Once we acknowledge that weaving and programming are part of the same technological timeline, we can begin to look at the history of weaving as a eight thousand year long tale of human relationship with digital technologies – and use this long view to research new approaches to software engineering, a field with a much less developed history and many interesting problems to solve.

Using augmented reality to display dynamic information on a tangible programming language.
Using augmented reality to display dynamic information on a tangible programming language.

(Follows Part 1 here.)

One of our threads of investigation is using the pattern matrix as a general purpose tangible programming system – one that we can use for controlling swarms of robots, programming different types of weaving systems and describing complex processes, such as live musical systems.

The magnetic system on the new pattern matrix consists of four hall effect sensors on every location you can place a block. There are four unique ways you can arrange the magnets – which means four types of programming block are possible. As we want to reuse these physical blocks for various uses and programming languages, we decided to use abstract shapes to denote the block types to begin with. Each of the four blocks can be rotated and flipped to give 32 total possible orientations, or symbol ‘tokens':

All combinations of token orientation with four magnets
All combinations of token orientation with four magnets

However, only 16 of these orientations are actually unique. We can only determine flip orientation on the circular block, and only rotation on the rectangular and triangular ones – where flipping them makes no difference to the magnets. The square block is a kind of special one, as we can tell both rotation and flip orientation, so it can represent eight tokens in total all by itself:

All unique tokens and orientations possible. With mid-grey shapes the flip (which side is up) is irrelevant.
All unique tokens and orientations possible. With mid-grey shapes the flip (which side is up) is irrelevant.

It’s important to note at this point that the parallels with tablet weaving are no coincidence: rotating and flipping arrangements of four binary elements for this magnetic system are the same actions as those performed when weaving using tablets. Weaving in the pattern matrix is more than a subject, it’s built directly into it’s mode of operation.

Next we need to test the applicability of this tangible programming system for wider uses. The other cultural phenomena the Penelope project is involved in is livecoding – so is it possible to use the pattern matrix to introduce a weaving centred programming technology in a very different context, not to describe weaving but to generate music in a performance such as an Algorave? This is something that Ellen first pioneered at our weavecoding performance at The Museum of casts of classical sculptures in Munich, but the new pattern matrix has better capabilities for a general purpose programming language.

Having 16 states of four blocks is indeed limiting for a language, but not too limiting. Some types of programming language, such as a string rewriting system like a Lindenmayer system are particularly well suited to this. They are also surprisingly Turing complete languages, able to represent any other programming language in existence, given enough space and time.
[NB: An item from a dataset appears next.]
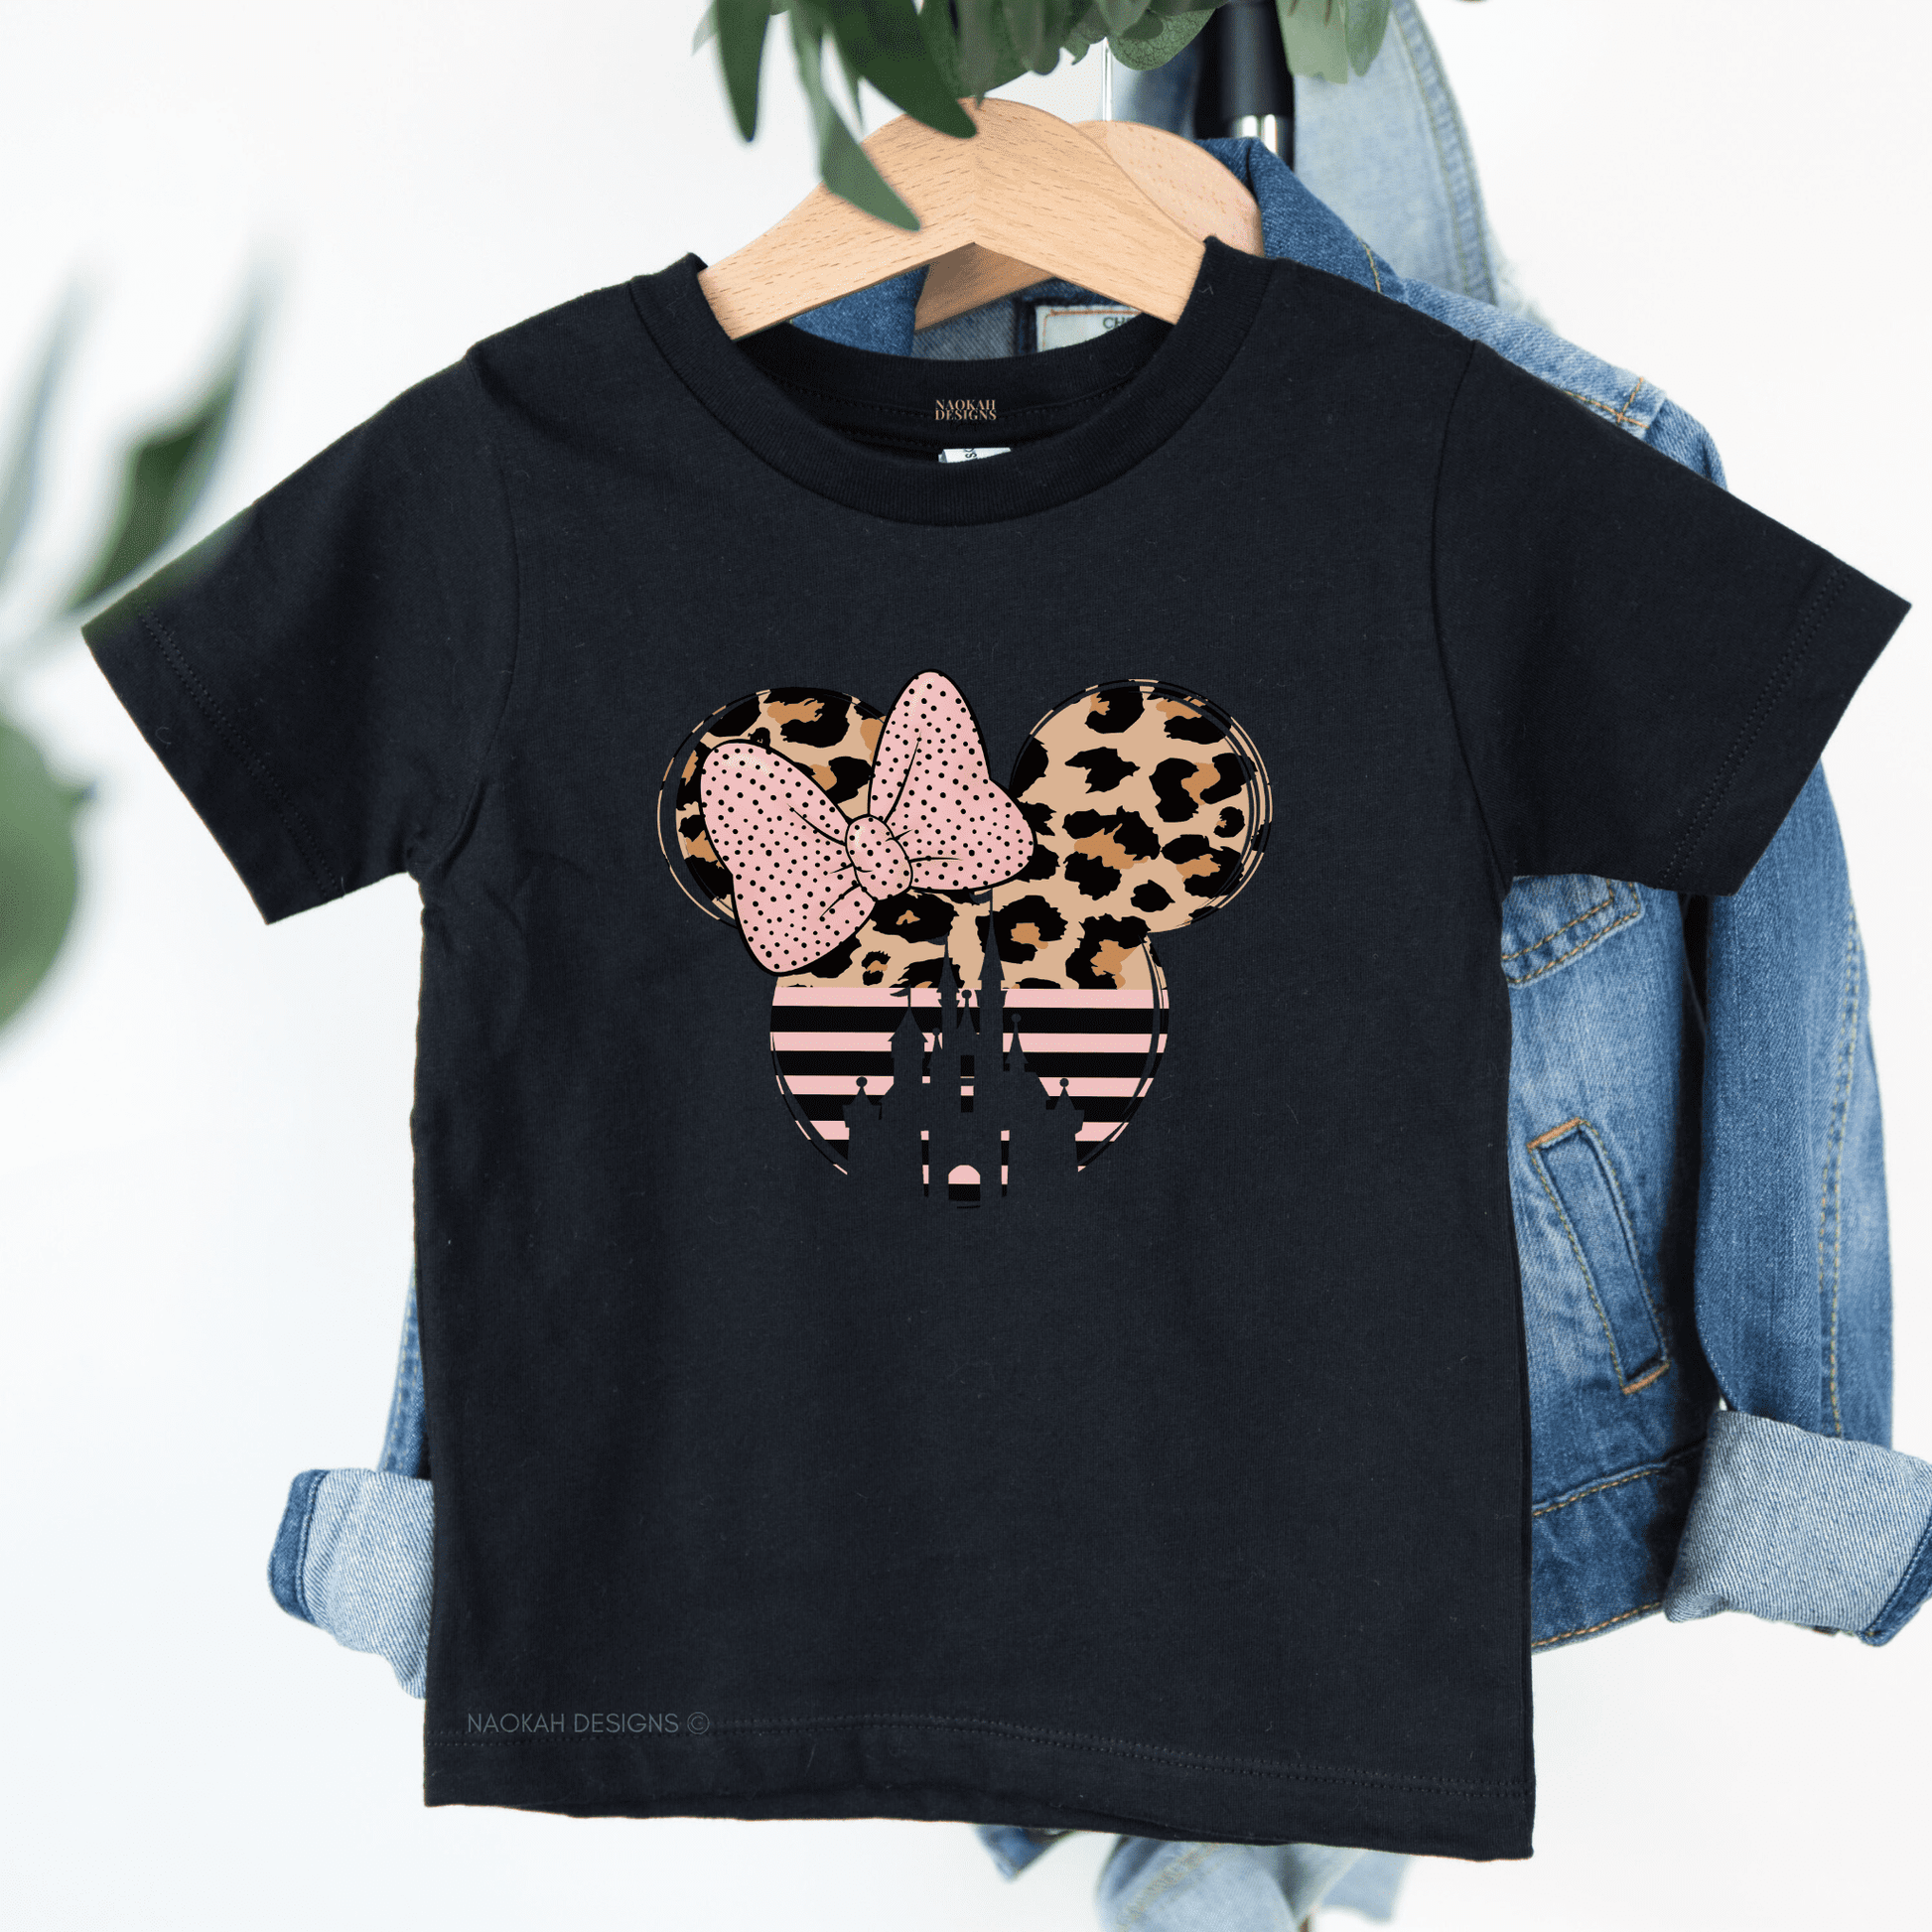 Toddler Minnie Shirt, Kids Minnie Leopard Shirt, Youth Minnie Shirt, Magical Vacation Kids Shirt, Minnie Kids Shirt, kids disney vacation shirt

Here is a quick example of how this works in text form – a string rewriting system is simply a list of search-replace actions that are carried out in a consistent order. The original example, used to model the growth pattern of algae – consists of a starting string: “A” and two replacement rules, replace “A” with “AB” and replace “B” with “A”. If we run these two rules over and over on the same bit of text we gradually ‘grow’ a pattern like this:


n = 0 : A
n = 1 : AB
n = 2 : ABA
n = 3 : ABAAB
n = 4 : ABAABABA
n = 5 : ABAABABAABAAB
n = 6 : ABAABABAABAABABAABABA
n = 7 : ABAABABAABAABABAABABAABAABABAABAAB

On the pattern matrix we use four of the rows to represent four different rules that replicate in this manner (each made of 5 possible symbols, as it’s a 5×5 grid), which we run 8 times on the starting string (A) to create a musical sequence. Four of the tokens represent these rules (A,B,C and D), the remaining tokens represent musical actions – changes in pitch, rests and sound triggers. There is massive variety of potential patterns, you can control the amount of recursion by the number of rule reference tokens you use – to control the resulting length of the sequences, and thus the complexity of the music. Interestingly we also need a ‘no operation’ (NOP) instruction that does nothing – as in low level assembler languages. We need this as a way to be able to shift timing in the musical sequence by one instruction.

A musical language in 16 instructions.
A musical language in 16 instructions.

With a tangible programming language like this it’s also very important to consider how you categorise instructions by shape – as you can quickly switch between similar operations by simply rotating or flipping tokens, while switching between different shapes takes longer (as you need to pick up a new block) so should represent bigger changes if possible.

Four rules are plenty for generating hugely complex sequences, so we can use the fifth bottom row to control global parameters like scale, synchronisation options (for our slub collaborative sync protocol) or switch between more banks of sounds for greater variety.

Slub performance including the pattern matrix at the Brighton British Science Festival Algorave
Slub performance including the pattern matrix at the Brighton British Science Festival Algorave

The first time we tried this out was at the British Science Festival Algorave in Brighton. A projection was set up with a camera to show the pattern matrix being used, and while technically everything went fine (other than some syncing difficulties), it highlighted a key problem with tangible programming languages. With no dynamic feedback other than the state of the blocks on the pattern matrix, it’s very difficult to tell what is happening during a performance, it’s hard to understand what musically is resulting from the changes you are making.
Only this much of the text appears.